AIAA 3225 — Learning and Optimization for Artificial Intelligence

Week 5 · Part 2

Today's Focus

Duality Theory of Semidefinite Programming and Its Applications

Instructor
Prof. Xin Wang
Date
2025 · 10 · 09

Session Outcomes

  • Understand the geometry of the positive semidefinite cone.
  • Derive SDP duals systematically via the Lagrangian framework.
  • Apply duality insights to compute spectral and nuclear norms.
Semidefinite Programs Dual Cones Matrix Norms AI Applications

Mathematical Foundations

Ambient Space and Inner Product

Symmetric matrices: $\mathbb{S}^n = \{ X \in \mathbb{R}^{n \times n} : X = X^\top \}$.

Trace inner product: $\langle A, B \rangle := \mathrm{Tr}(AB)$ for $A,B \in \mathbb{S}^n$.

Positive semidefinite cone: $\mathbb{S}^n_+ := \{ X \in \mathbb{S}^n : X \succeq 0 \}$.

Key Insight — Self-Dual Cone

The dual cone of $\mathbb{S}^n_+$ with respect to $\langle \cdot,\cdot \rangle$ is itself:

$$\left(\mathbb{S}^n_+\right)^* = \{ S \in \mathbb{S}^n : \langle S, X \rangle \ge 0 \ \forall X \succeq 0 \} = \mathbb{S}^n_+.$$

This self-duality makes SDP duality particularly elegant and computationally tractable.

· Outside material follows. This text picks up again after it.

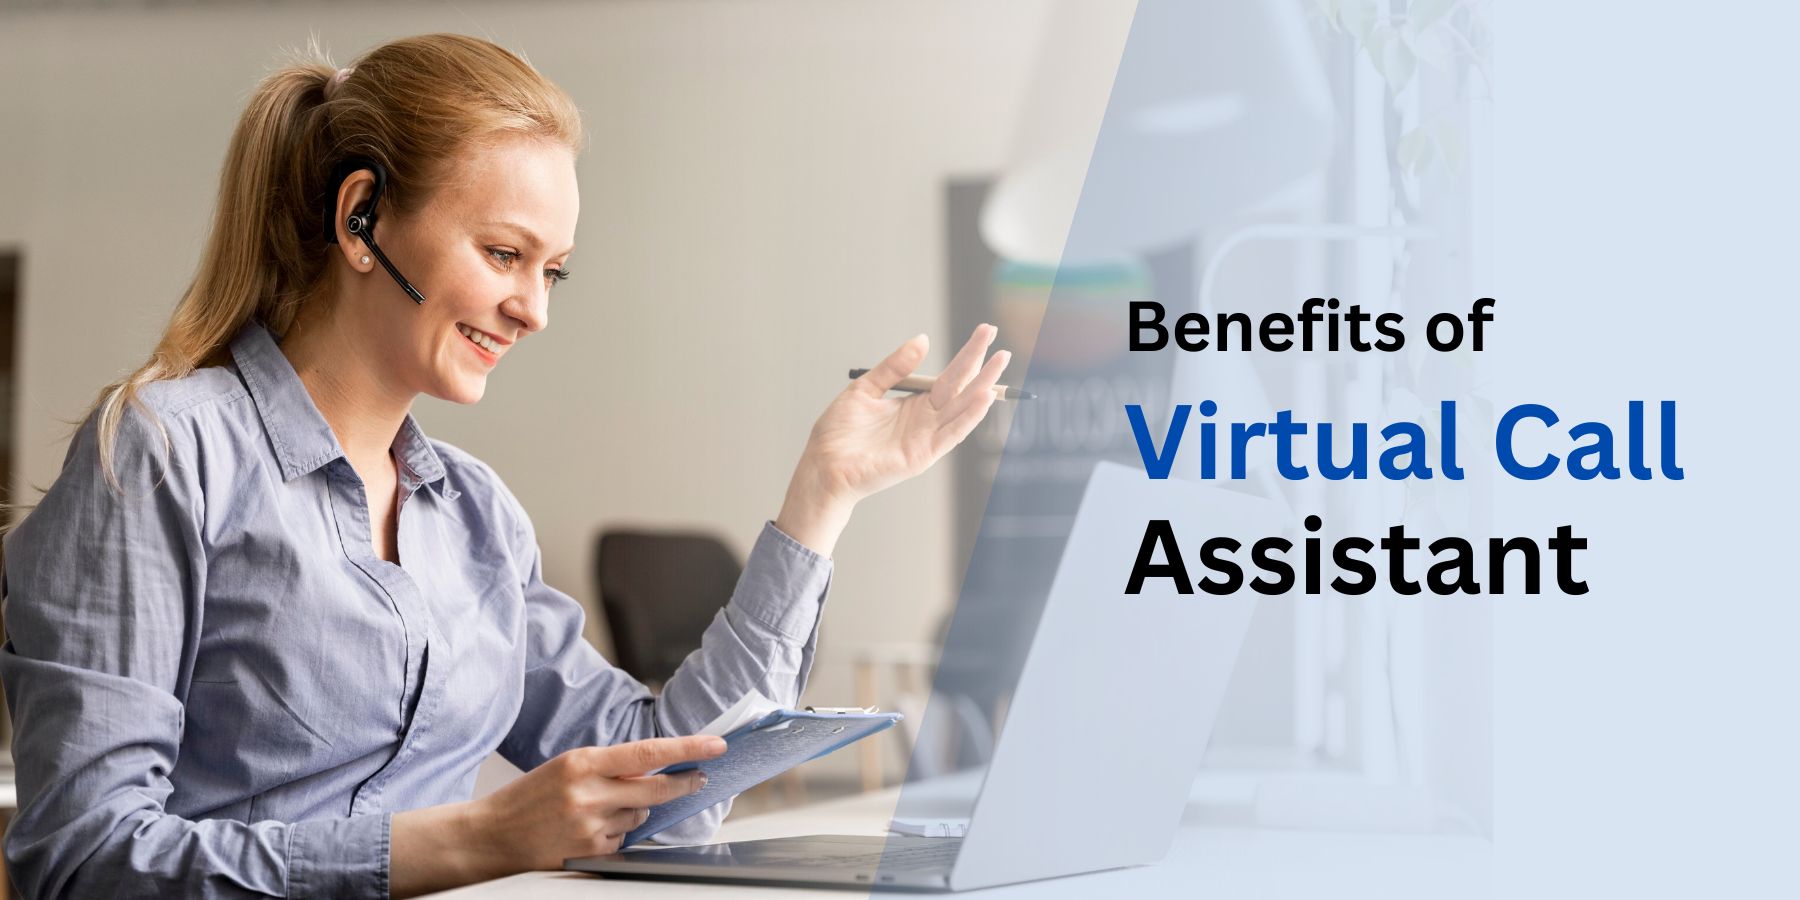 Benefits of Virtual Call Assistant

Why the Trace Inner Product?

Notation at a Glance

Keep this reference in mind throughout the derivation.

Decision Variable

$X \in \mathbb{S}^n$ — primal matrix variable (symmetric).

Linear Map

$\mathcal{A}: \mathbb{S}^n \to \mathbb{R}^m$ with $\mathcal{A}(X) = \big(\langle A_1, X \rangle, \ldots, \langle A_m, X \rangle\big)$.

Adjoint

$\mathcal{A}^*: \mathbb{R}^m \to \mathbb{S}^n$ satisfies $\langle \mathcal{A}(X), y \rangle = \langle X, \mathcal{A}^*(y) \rangle$.

Dual Variables

$y \in \mathbb{R}^m$ for affine constraints, $S \in \mathbb{S}^n_+$ for conic constraint.

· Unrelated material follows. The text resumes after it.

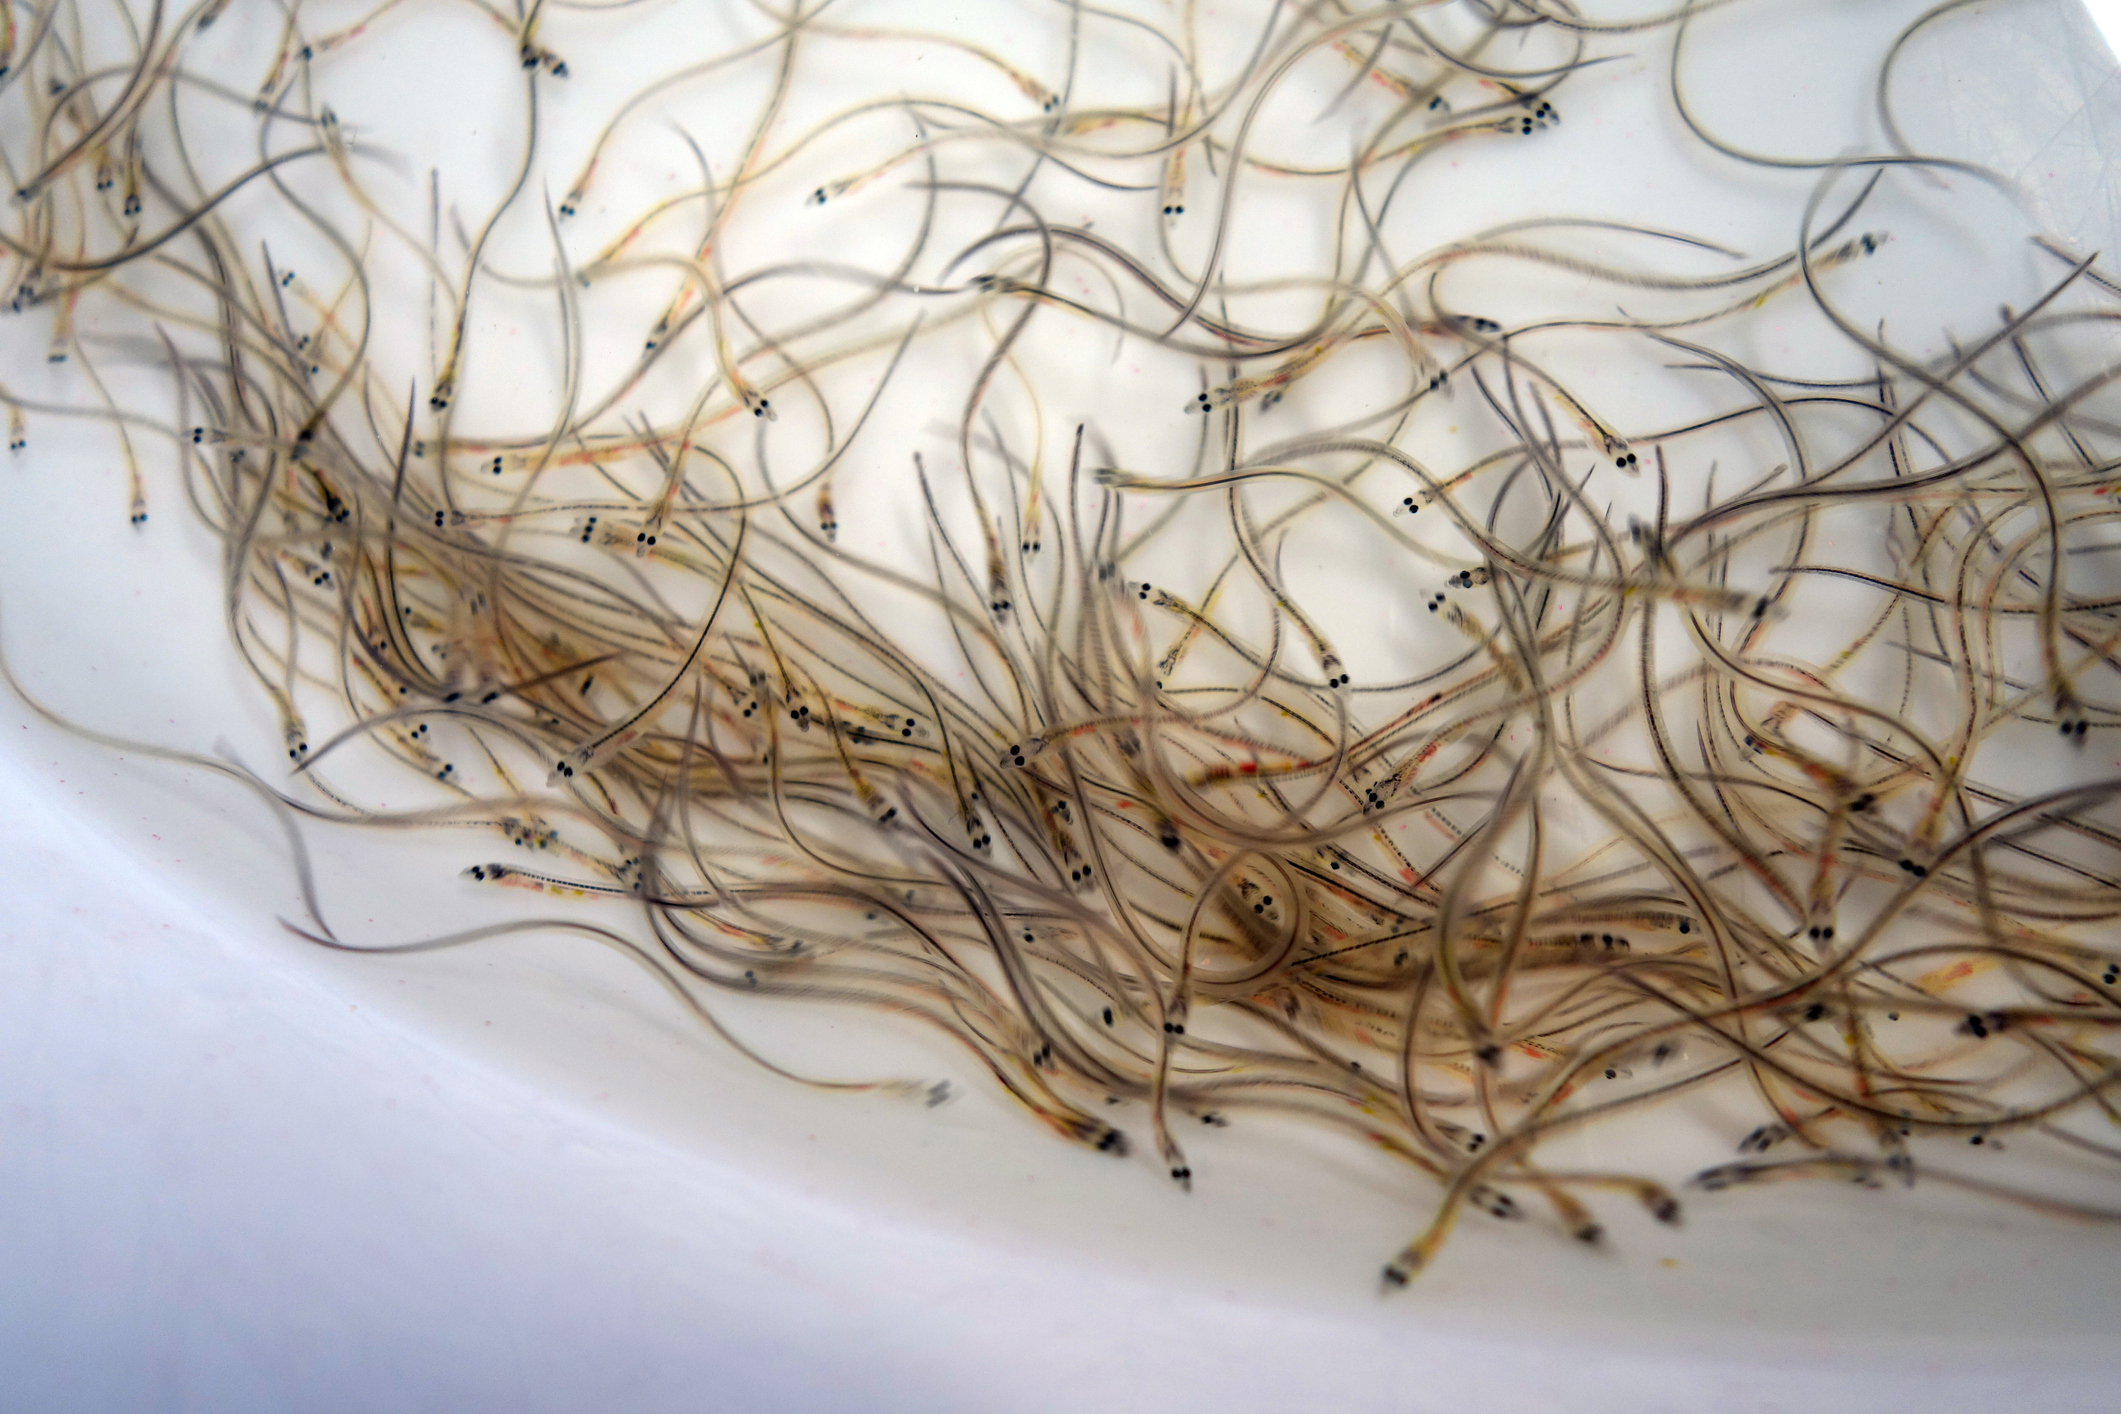 Mass of wriggling glass eels in a white bowl under bright light, with shallow depth of field

Reminder: The adjoint exists and is unique because $\mathcal{A}$ is linear and the trace inner product is non-degenerate.

Primal SDP: Standard Conic Form

Primal Problem (P)

$$\begin{aligned} \text{minimize} & \quad \langle C, X \rangle \\ \text{subject to} & \quad \mathcal{A}(X) = b \\ & \quad X \succeq 0, \end{aligned}$$ where $C \in \mathbb{S}^n$ and $b \in \mathbb{R}^m$ are given data.

Affirming Standard Form

  • Single linear map $\mathcal{A}$ aggregates all equality constraints.
  • The only cone constraint is $X \in \mathbb{S}^n_+$.
  • No additional inequalities — ideal for Lagrangian duality.

Adjoint Map

Given $\mathcal{A}(X) = (\langle A_i, X \rangle)_{i=1}^m$ with $A_i \in \mathbb{S}^n$:

$$\mathcal{A}^*(y) = \sum_{i=1}^m y_i A_i.$$

We will use $\mathcal{A}^*$ heavily when enforcing stationarity.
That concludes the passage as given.